A bill is expected to come up for a vote in the House Monday that its sponsor says is designed to make horse meat processing plant operators feel welcome in Tennessee.
Rep. Andy Holt, a Republican from Dresden, says the bill would create jobs and a place for unwanted horses to die a humane death.
"We're trying to encourage job creation and economic development in the state of Tennessee," Holt says.
Holt says rural middle Tennessee is a likely location, although he won't say where or who's behind the effort.
"I don't think it's anyone's authority to make me divulge who these people are. This has been a controversial issue," Holt says.
Americans don't eat horses, but horse meat is served in a number of other countries, like Belgium. Right now, there are no horse slaughter plants in the United States, but that could change because Congress has lifted a five-year ban which effectively prevented slaughter for human consumption.

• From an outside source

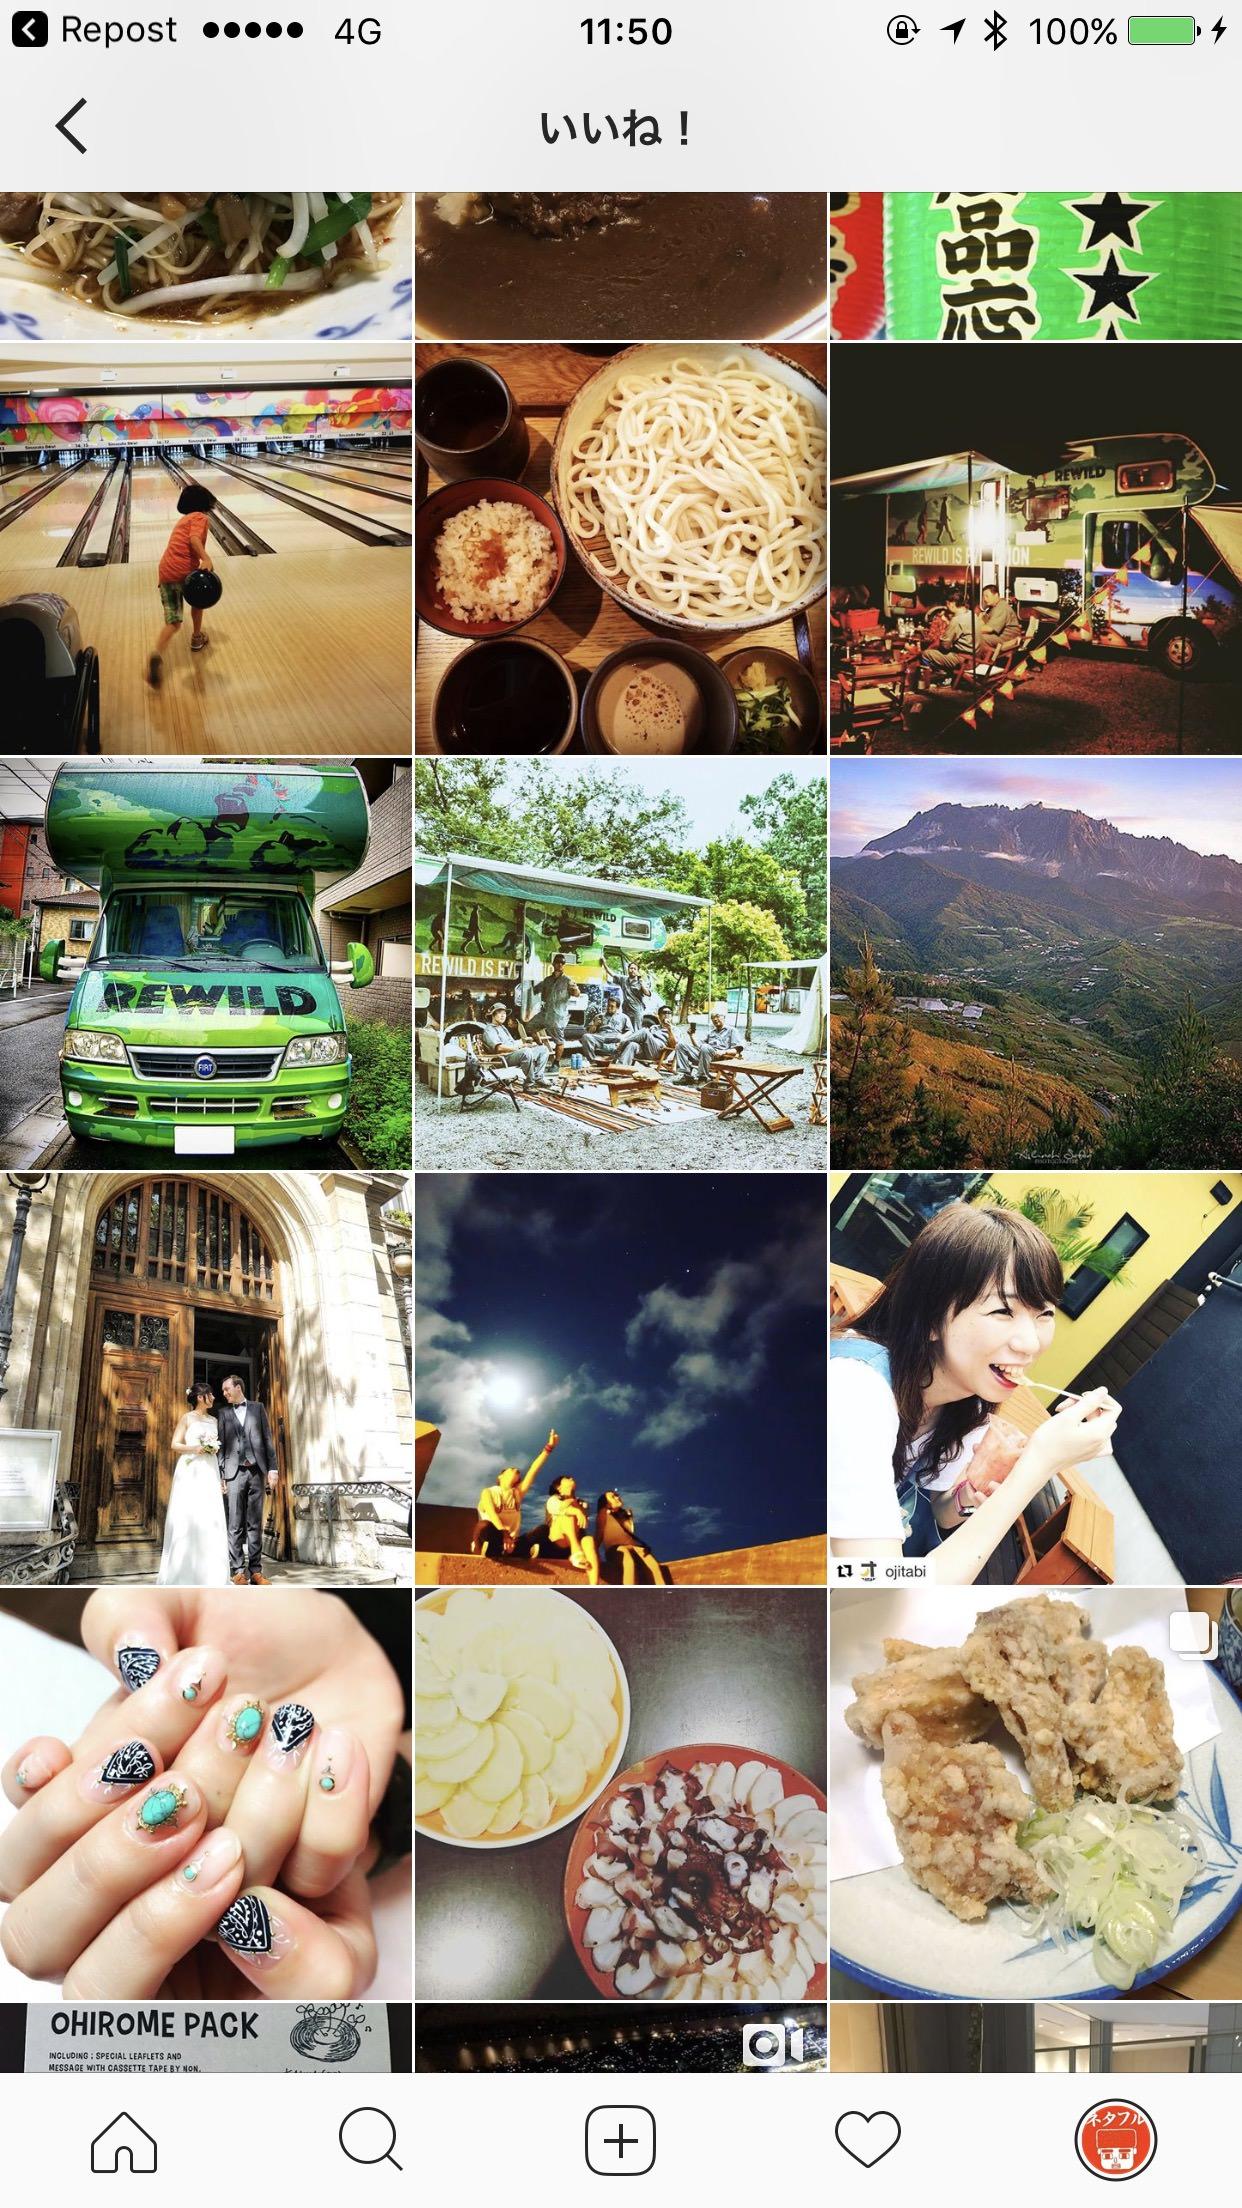 Instagram repost 7062

Rep. Janis Sontany, a Democrat from Nashville, opposes opening a slaughter plant in Tennessee.
"This is an industry that is historically fraught with noncompliance with environmental, worker safety and health-related policies," Sontany says.
A plant that operated in Texas caused problems there, including issues of the disposal of discarded horse body parts. Sontany says a high number of injured workers with no insurance were a burden on the local hospital.
"This is an industry that's going to come into a rural area, and they're going to devalue property," Sontany says.
Animal rights advocates like "Animals' Angels" have documented problems around the slaughter plants now operating in Mexico and in the holding pens in American border towns. Their website shows pictures of animals rejected for slaughter that were left to starve.
Holt says bad actors need to be weeded out by regulators. Horse slaughter, he says, is more humane than owners allowing their unwanted horses to die from neglect.